What surprises me is that you have only now caught onto this! The polls that came out, what, a week ago (?) showed that (this is from memory, so don't quote me on it) about 50% of Americans believe that the media in general is rooting for Obama, about 8% thought the same about McKain, and only thirty-something percent thought that the media was actually being "fair."
Welcome to enlightenment!
I can't recall who said it on a chat show a couple of weeks ago, but his prediction that one of the aftermaths of this campaign season is we will look back at 2008 as "The Year Journalism Died."
I expect this to be a rising tide of opinion as the end nears.
PLEASE stay on this. You are, to my mind, the one who can lean on this credibly.
We are yet again at one of those points in the business and for a fantastically interesting read on the idea of "objectivity," The Columbia Journalism Review did a cover story called, "Re-thinking Objectivity," (in '03!) that is a must read for news nerds. Note the second section "Tripping Toward The Truth," on the history of how being objective has bobbed and weaved through journalistic history.
It's a primer for what is happening now.
http://cjrarchives.org/issues/2003/4/objective-...

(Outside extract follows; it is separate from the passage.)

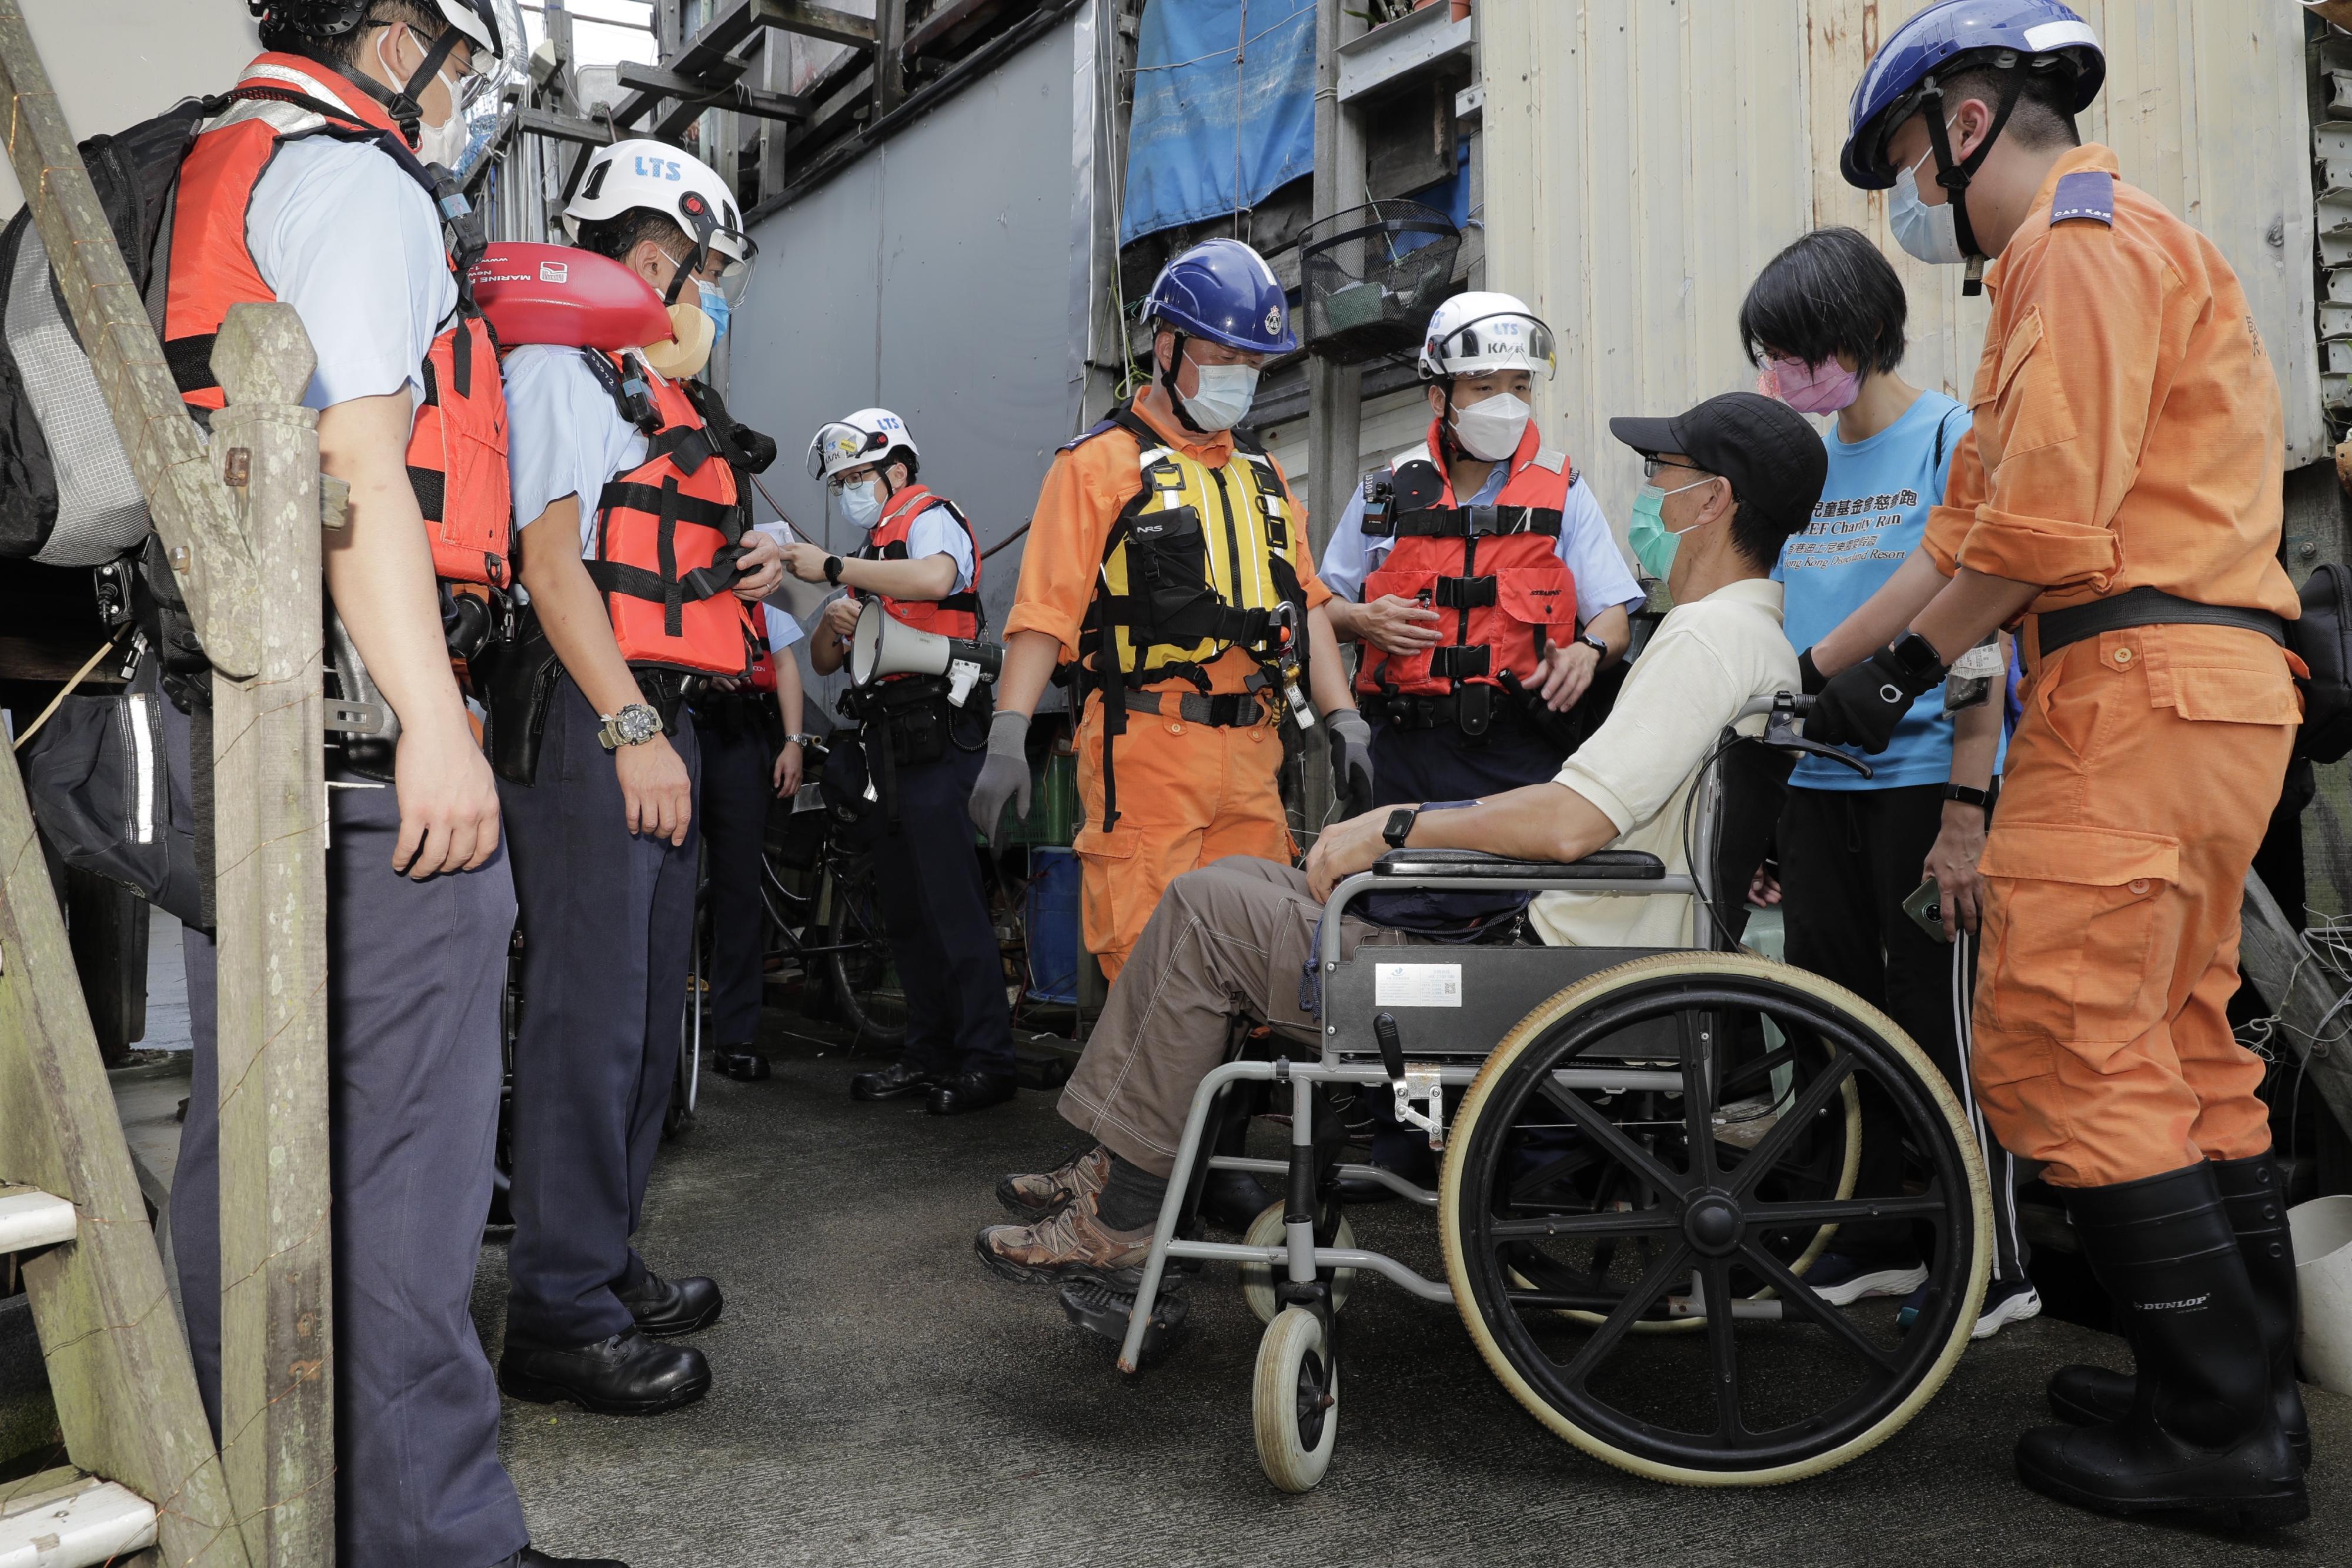 The Islands District Office conducted an inter-departmental rescue and evacuation drill on emergency response to flooding in Tai O today (June 16). Photo shows police officers and Civil Aid Service members rescuing a trapped resident who called for assistance during the drill.

markp: You are quite right. I was slow to catch on to the new AP. Mea culpa. But polls showing what most Americans think of "the media" don't impress me. First, because the polls and the Americans both accept the existence of one thing called "the media." I don't.
Look: Fox works for the GOP. ABC, NBC and CBS seem confused and fearful except in their relentless pursuit of mediocrity. MSNBC is liberal but employs Pat Buchanan. CNN will do almost anything for better ratings. PBS science and documentary programs are dynamite, but its news is "on one hand this, on the other, that, time will tell." The New York Times often is liberal - whatever that means - but it allowed Judith Miller to recycle White House disinformation on Iraq. Also, the Times hired Bill Kristol, the brilliant neo-con who urged that we ignore the silly idea Shiites and Sunnis might dislike each other. Oh, and talk radio is right-wing politics or religion of the "Jesus hates" variety. And I haven't mentioned national magazines or local papers or blogs or the New Mexico Independent. My point - it's complicated.
Gene Grant: Thanks for the vote of confidence. I will keep noodling the issues. I do remember that CJR issue and we certainly should continue to rethink objectivity. But with or without the word, I figure journalism must always demand accuracy and fairness.